We then develop running-time bounds for some basic algorithms, beginning with an implementation of the Gale-Shapley algorithm from Chapter 1 and continuing to a survey of many different running times and certain characteristic types of algorithms that achieve these running times. In some cases, obtaining a good running-time bound relies on the use of more sophisticated data structures, and we conclude this chapter with a very useful example of such a data structure: priority queues and their implementation using heaps.
A major focus of this book is to find efficient algorithms for computational problems. At this level of generality, our topic seems to encompass the whole of computer science; so what is specific to our approach here?.
First, we will try to identify broad themes and design principles in the development of algorithms. We will look for paradigmatic problems and approaches that illustrate, with a minimum of irrelevant detail, the basic approaches to designing efficient algorithms. At the same time, it would be pointless to pursue these design principles in a vacuum, so the problems and approaches we consider are drawn from fundamental issues that arise throughout computer science, and a general study of algorithms turns out to serve as a nice survey of computational ideas that arise in many areas.
Another property shared by many of the problems we study is their fundamentally discrete nature.

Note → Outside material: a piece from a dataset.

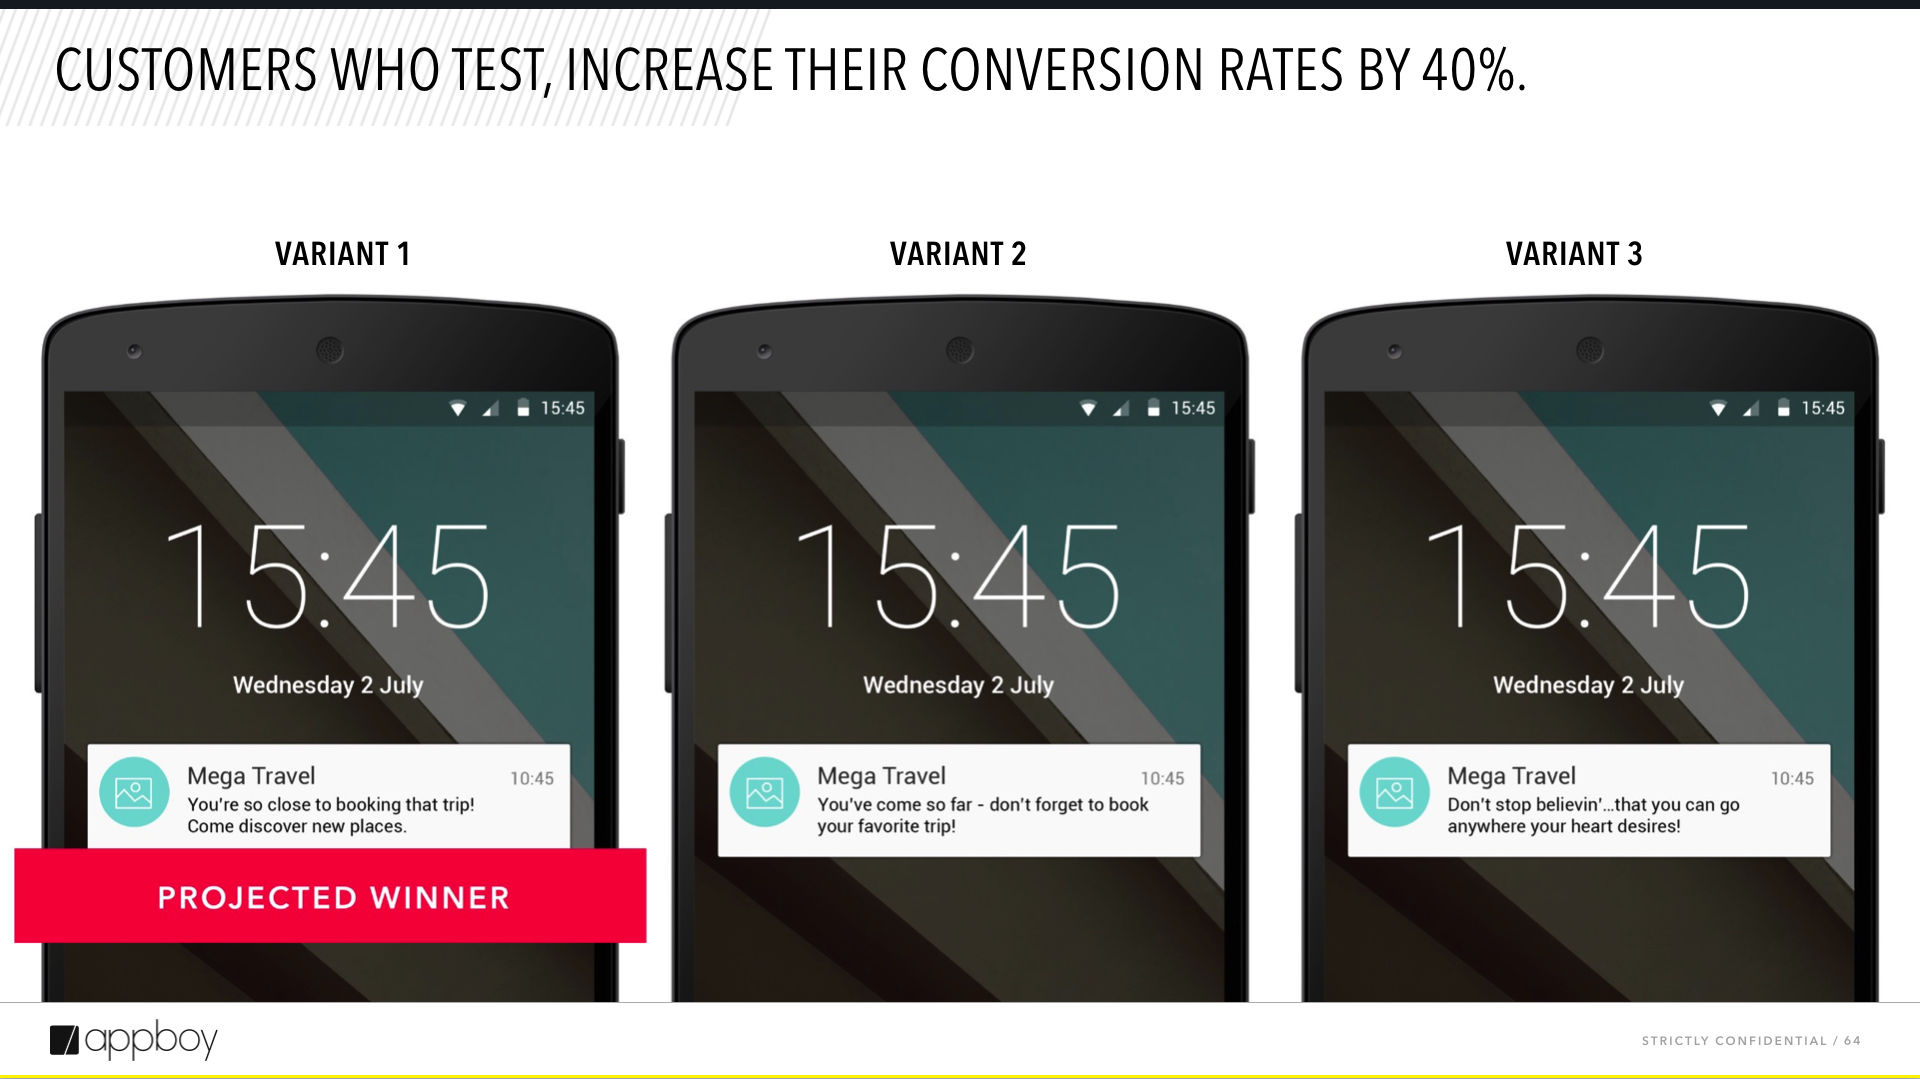 multivariate testing increases conversion

That is, like the Stable Matching Problem, they will involve an implicit search over a large set of combinatorial possibilities; and the goal will be to efficiently find a solution that satisfies certain clearly delineated conditions.
As we seek to understand the general notion of computational efficiency, we will focus primarily on efficiency in running time: we want algorithms that run quickly. But it is important that algorithms be efficient in their use of other resources as well. In particular, the amount of space (or memory) used by an algorithm is an issue that will also arise at a number of points in the book, and we will see techniques for reducing the amount of space needed to perform a computation.
Some Initial Attempts at Defining Efficiency
The first major question we need to answer is the following: How should we turn the fuzzy notion of an “efficient” algorithm into something more concrete?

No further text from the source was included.